Created on 02-08-2017 06:35 AM - edited 09-16-2022 04:02 AM
In hive, One of my column data contains Pipe as the part of the data('|'), however, while exporting data from this table, we need to export the data as the pipe('|') as the delimiter between each fields, How to handle if the delimiters as part of the data while creating the flat file from the hive table.
Created 02-08-2017 07:40 AM
Can you enclose your data fields in double quotes, "", when exporting to HDFS?
For example:
"Field1|Test"|"Field2|Test"|"Field3|Test"
Notice how I have pipe (|) as the delimiter and it is also part of the column data, but my columns are enclosed in double quotes.
Then use the OpenCSV Serde when creating the DDL for your Hive table.

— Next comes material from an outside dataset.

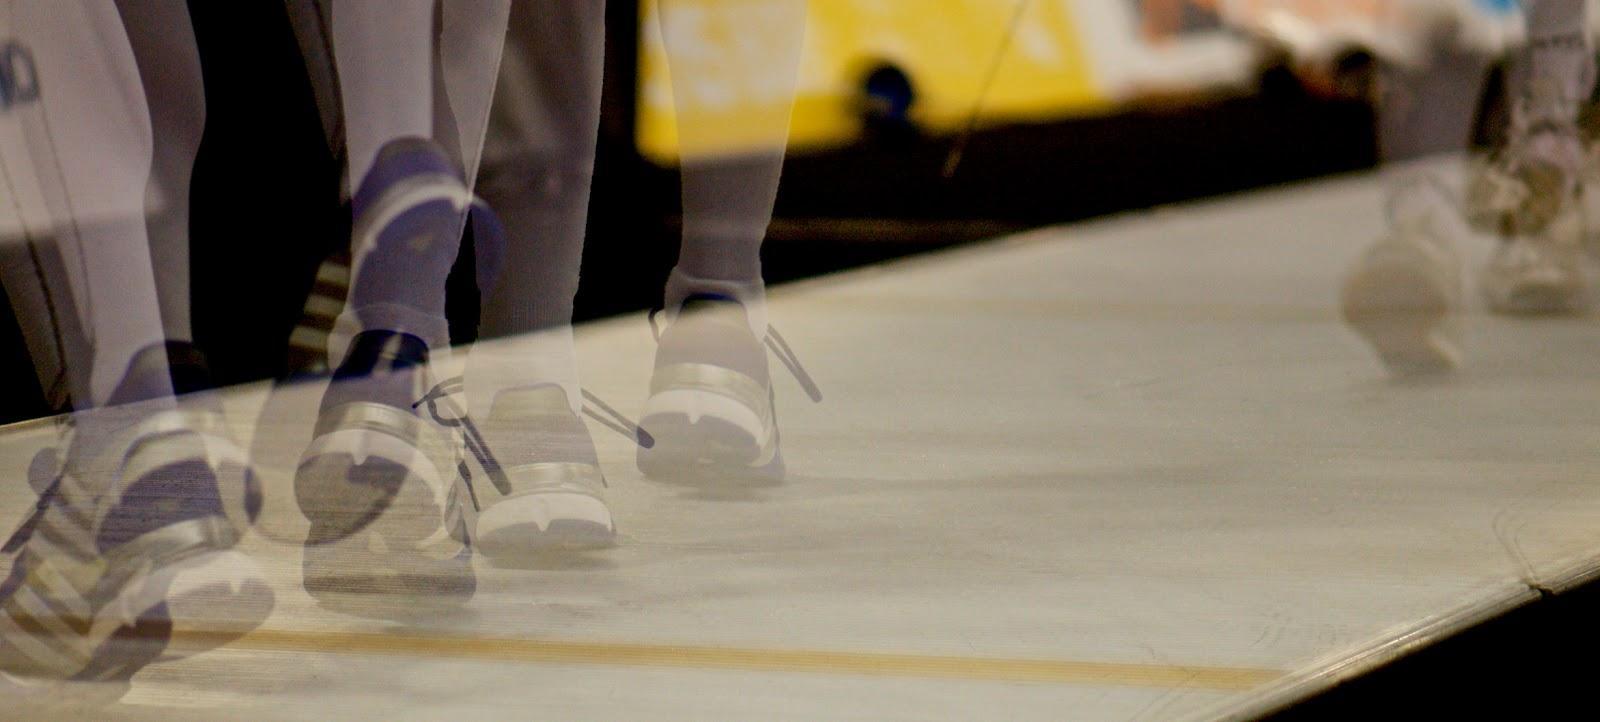 Fencing Shoe Adidas D Artagnan V Ratings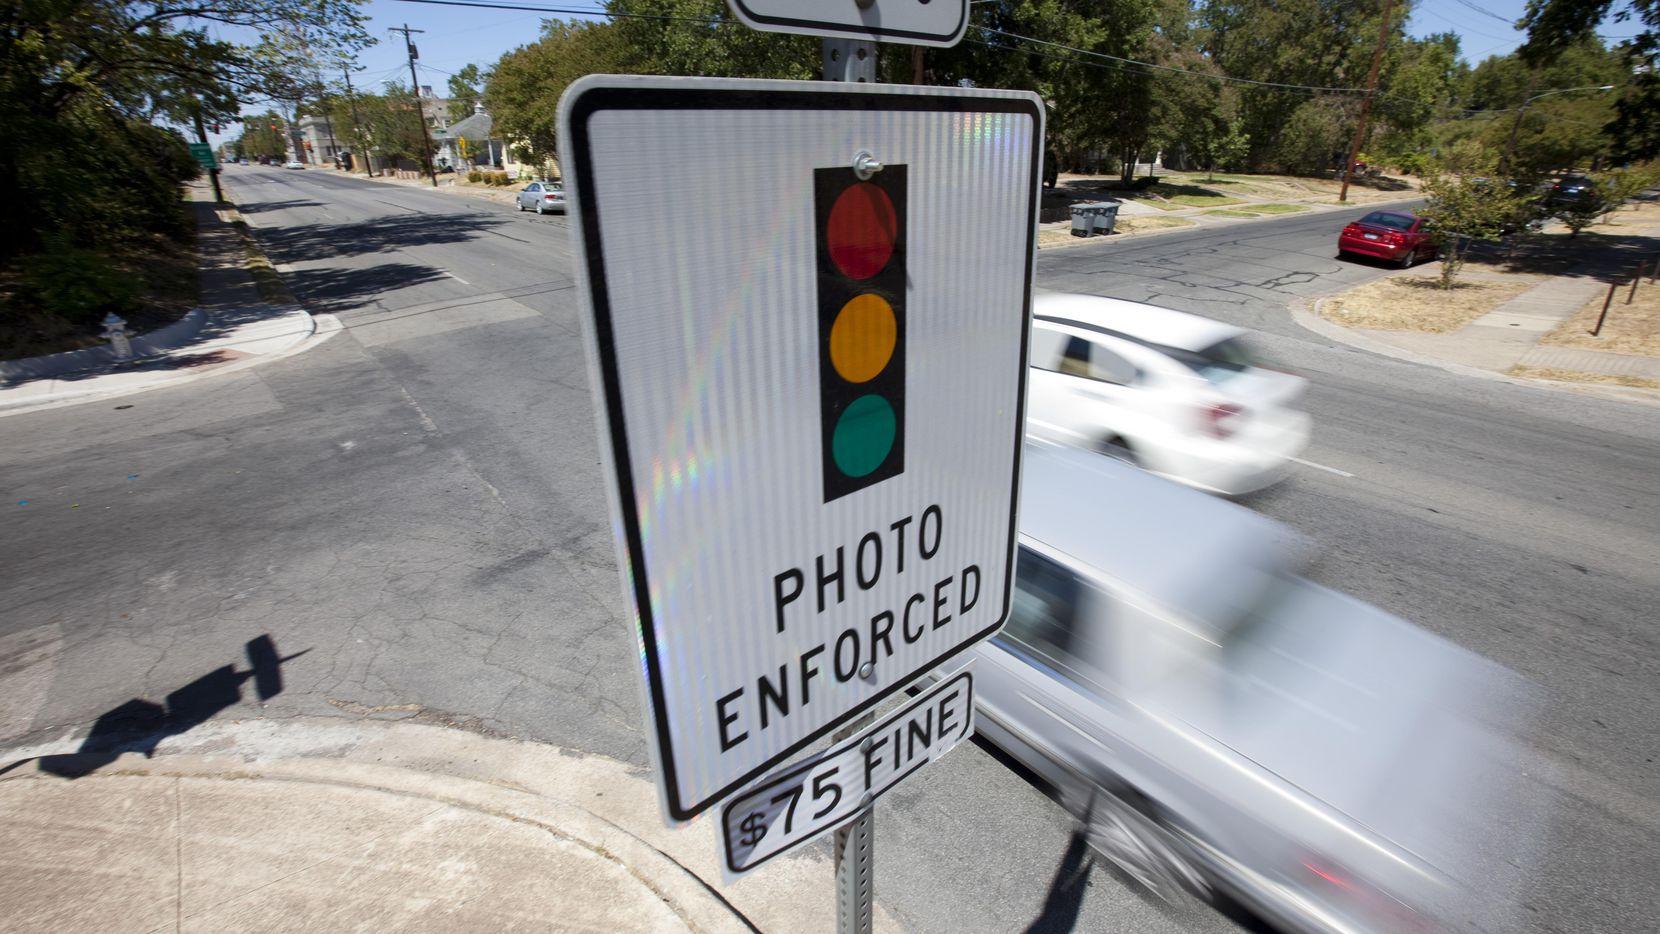 Las cámaras que multan a los que se pasan un semáforo en rojo en Dallas son polémicas. (DMN/ARCHIVO)

For example, if I wanted to create a Hive table for the sample record above, and the file is already in a directory named 'test' in HDFS, then my DDL statement would be:
create external table my_table (
field1 string,
field2 string,
field3 string)
ROW FORMAT SERDE 'org.apache.hadoop.hive.serde2.OpenCSVSerde' WITH SERDEPROPERTIES (
"separatorChar" = "|",
"quoteChar" = "\""
)
LOCATION '/test/';
Now you can query the table and Hive will correctly display the data.
Created 02-09-2017 03:03 AM
Thanks and Yah .. Open Csv serde will do it.However, i am looking if there any other alternatives.
Created 02-11-2017 12:21 AM
Could you let me know if the data is not in Quto's, How to Handle it and below is the example
column 1| column 2
first|second|last
In the above example the first|second are actually one column.
Could you let me know how to handle if the data is not in quoto's and if the delimiter is part of the data.
Any suggestion or help is appreciated.
Created 03-20-2017 07:14 PM
Hi Reddy.. Choose a delimiter which will not used easily in a data. Choose unicode as delimiter it will solve your issue. 90% of the data will not contain unicode. (row format delimited Fields terminated by '/u0001') . In your case export the the data with '/u0001' as delimiter and then insert into a hive table which has delimiter as '|'